For all the aforementioned reasons, in 1889 the local council declared Rab a tourist destination and thermal spa. This declaration was made on the basis of the favourable climate and its positive effect on heart conditions and on the respiratory organs. Not long after the birth of tourism on Rab, construction began on the first hotels.
The beautiful beaches of Rab were a favourite of tourists even 120 years ago, while the varied landscape of the island of Rab is impressive and makes it unique among the Adriatic islands. Contrasts are apparent all over the island, whether when walking, taking a boat ride along the shore, diving in the surrounding bays or seeing it from a bird's-eye view during a flight over the island.
Almost 120 years ago the traditionally hospitable folk of the island of Rab decided that tourism would be the way to secure their future and that of the coming generations.
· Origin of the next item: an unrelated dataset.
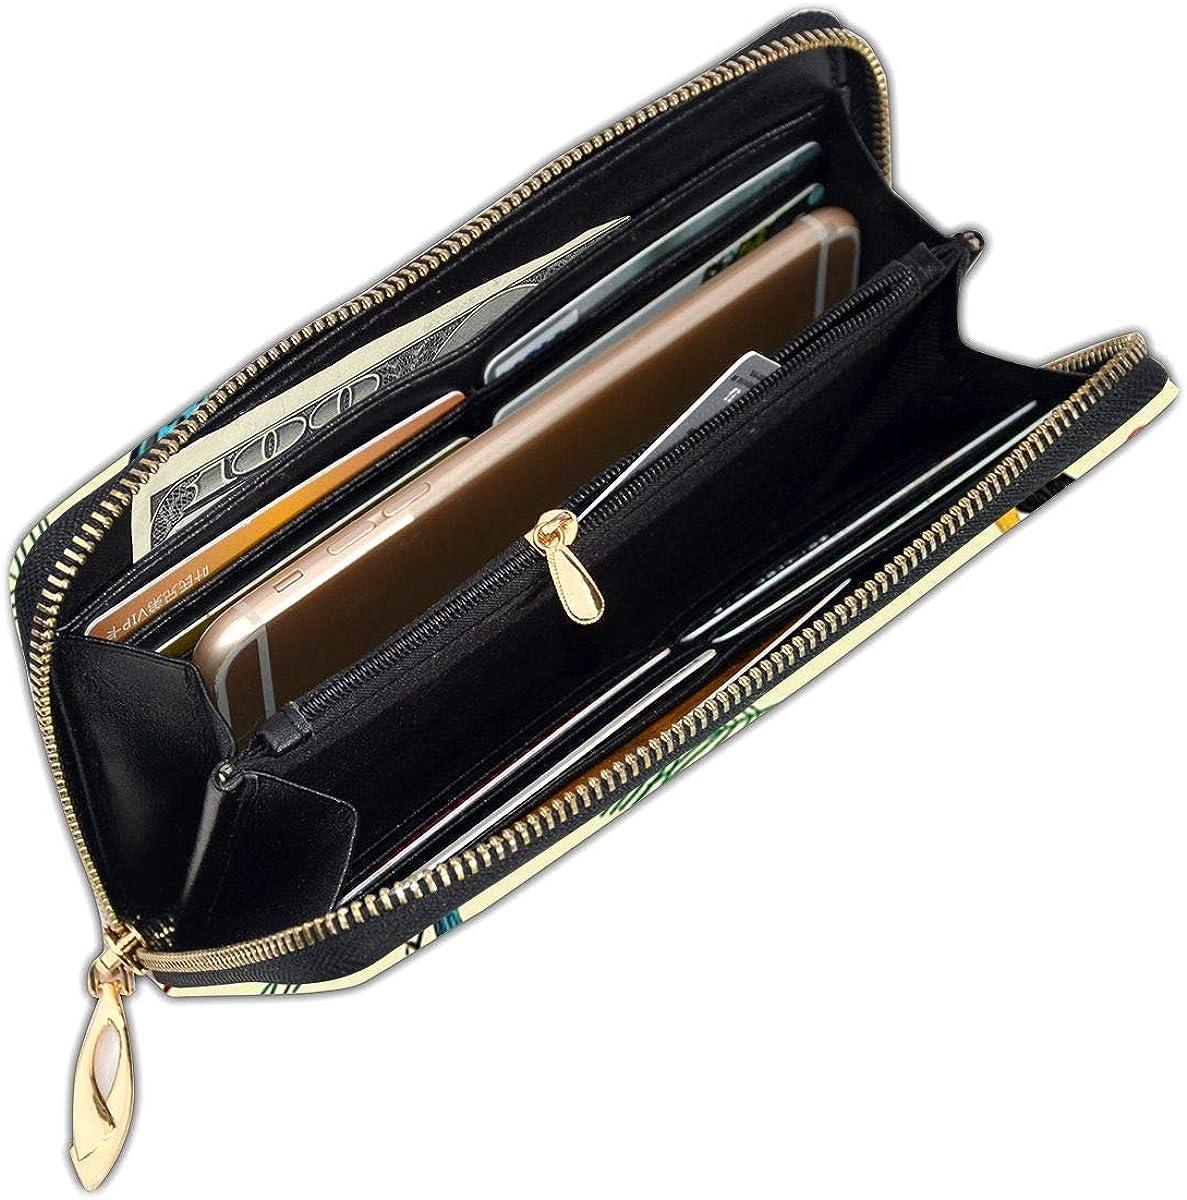 Vintage Bird Pattern Womens RFID Blocking Zip Around Wallet Genuine Leather Clutch Long Card Holder Organizer Wallets Large Travel Purse

Since then, Rab has won numerous awards as the best tourist destination in the Adriatic. Tourism became a part of every home.
We hope that in browsing through this Internet presentation you will also want to visit Rab, this island which, surrounded by an emerald sea, lies almost at the heart of Europe.
The happy town of Rab – Felix Arba
The silhouette of four bell towers, on the high rocky outcropping of the peninsula, is a familiar image of Rab - an image that has been linked to it for centuries. Apart from minor changes, the silhouette has now stood fast for two millennia on the outcropping between the Bay of St Euphemia (Zaljev Sv. Eufemije) and a small bay which does not have a name since it has become the town harbour.
The town was originally raised by the Illyrian Liburni tribe, initially as a hill-fort surrounded by a dry stone wall, The settlement, which was completely surrounded by thick black holm oak and maritime pine woods, was named Arbe ('dark' in the Illyrian language).
From that day to this, the town of Rab has stood both as a jewel in the crown of the island, but also as a centre from which culture, art and education have spread. The numerous churches, not only in the town itself but all over the island, testify not only to the religious tradition, but also to the cultural, artistic and architectural achievement of a civilisation. The monasteries, churches, palaces, secular buildings, squares, loggias - secular meeting points - courthouses and marketplaces of Rab bear witness to a highly developed social environment. It should not surprise us then that Rab brought forth Marc Antun de Dominis, one of the greatest minds of 16th-century Europe - a theologian, physicist, preacher and church reformer.
When the Romans came to Rab in the second century before Christ, they encountered a well-developed town. The greatest Roman emperor, Augustus Octavian, had walls and towers built around the town to make it easier to defend. Even today, the remains of Rab's walls and fortifications stand on their foundations. The Romans named the town "happy" - Felix Arba. This title was used to signify the prosperity, merits and significance of the municipium to Rome.
From the distant Roman rulers, through the rule of Byzantium, Venice and the Hungarian and Croatian kings, Rab frequently changed its rulers, but the town never suffered any major destruction. Perhaps the Roman epithet Felix Arba had something to do with that too.